When we reached a certain depth in the user requirement specification (URS) it turned out that there was a classic misunderstanding between the software provider and the customer. It has been clearly articulated by the customer that it must be possible to process up to four processing orders in parallel in the larger equipment part. The vendor therefore did foresee four charging stations. However, it was not explicitly stated by the customer that the same feature was expected for the smaller equipment part as well. The customer simply assumed that this was given. The vendor on the other hand deducted from the single charging station in the smaller equipment part that never more than one processing order was to be processed in parallel in the smaller equipment part. The precisely formulated URS made the misunderstanding transparent. In the end the vendor was able to resolve it by throwing in a bit more hardware and installing three additional charging stations for the smaller equipment part.
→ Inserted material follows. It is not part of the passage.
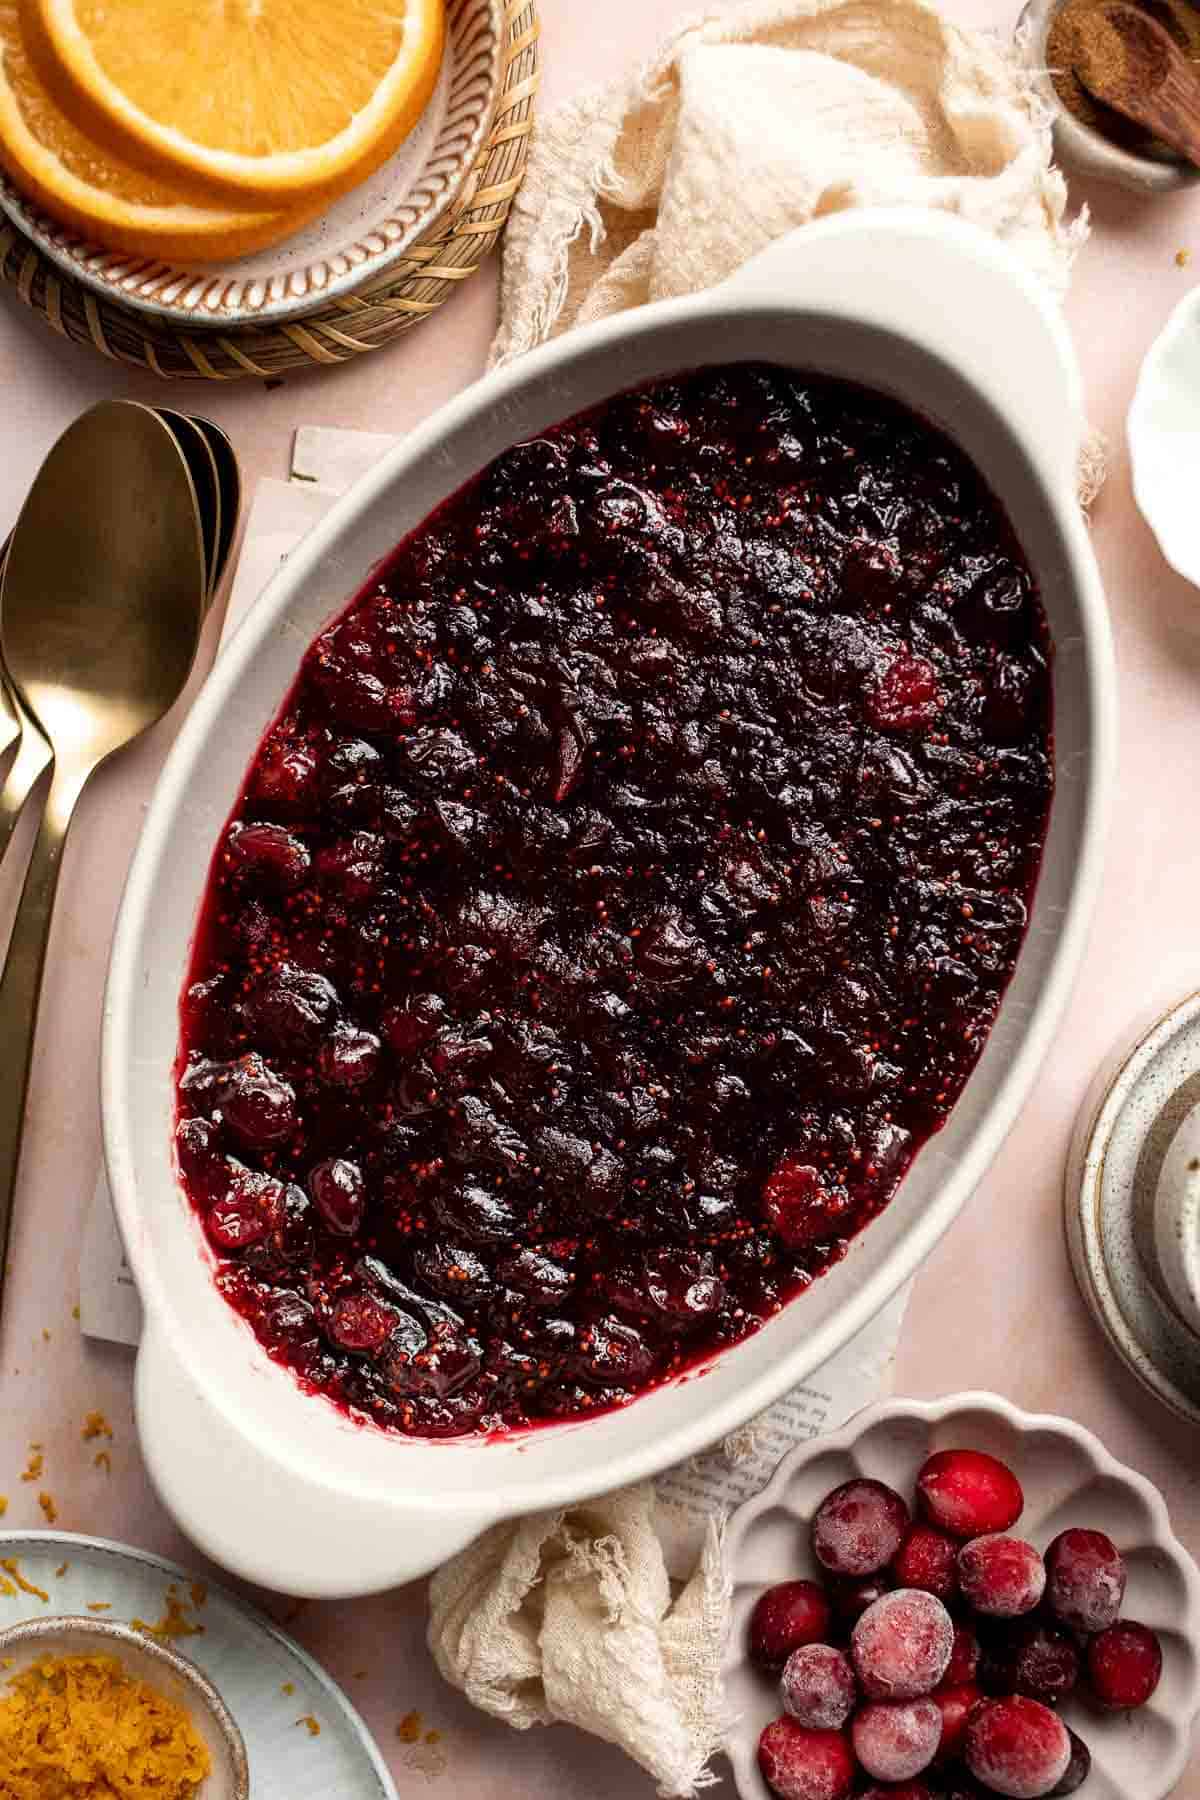 This Baked Cranberry Sauce recipe is an easy way to make a classic Thanksgiving side dish in the oven using 4 ingredients. It is thick, tart, and sweet. | aheadofthyme.com

The software vendor pointed out several times, that his application architecture supports a great independence of the PLC from the HMI. In contrast to other solutions of competitors the HMI needs no longer to be present after a processing order had been started. All the processing and management is done by the PLC. If the HMI hangs or is unavailable for some time the PLC manages everything nicely and safely. This looks appealing and everybody likes it. However, when we started working on the user requirements for the reporting aspects we dug deeper into the mechanisms of handling the deviation messages. As these are critical from a validation point of view we needed to understand in detail how things worked. This digging revealed that the alarm messages were solely handled by the alarm system and not covered by the rack file. So, deviations are detected by PLC, communicated to the HMI and then kind of forgotten (for the PLC). But what happens if the HMI is out of operation when a deviation occurs? It turned out that deviations could be lost under certain (rare) circumstances if the HMI is unavailable for some time. With a PC and Windows as operating system there is always a chance that this happens. The solution to this problem finally was the introduction of a heartbeat signal send out by the HMI and received by the PLC. A heartbeat failure then causes corrective measures in the PLC. One of the unwanted side effects is that the PLC is no longer independent from the HMI. But we now are sure that deviations will not be lost.
Another tricky detail is the fact, that the PC has its time and the PLC also has its time. Both systems run their own hardware clock. As clocks in the real world they bear the risk of running out of sync. This is no problem in principle. However, for the alarm messages this turned out to be a potential problem. The reason simply being the fact that alarm situations are communicated from the PLC to the HMI via data structures and single bits being set and cleared following a well-thought scheme. What was not that well-thought is the assumption that both clocks are sufficiently in sync. Therefore the timestamps for the deviations are not communicated “by design”. For the HMI the deviation happens at the time, when the HMI recognized the bit being set by the PLC. So, on top of the heartbeat mechanism a regular and narrow synchronization of both clocks is now enforced.
When we started testing the application in respect to human error we found that many situations were not covered. In the beginning the software vendor asked the question “Why should an operator do this?”. Of course operators don’t make mistakes deliberately. But as we all they’re humans and we humans have a clear tendency to fail. With a fully automated system most of such erroneous situations simply don’t happen. The robot executes usually all orders literally. Humans fortunately don’t. Very often this prevents damage. But sometimes it causes difficulties. This is why developers of software must take human error into account. And this makes the software for human use much more complicated than software for machines.
Without deep diving, much of this had not been detected and had not been corrected.
As it turns out CSV can significantly drive improvement. Deep diving can be difficult but one learns a lot. And this often is great fun!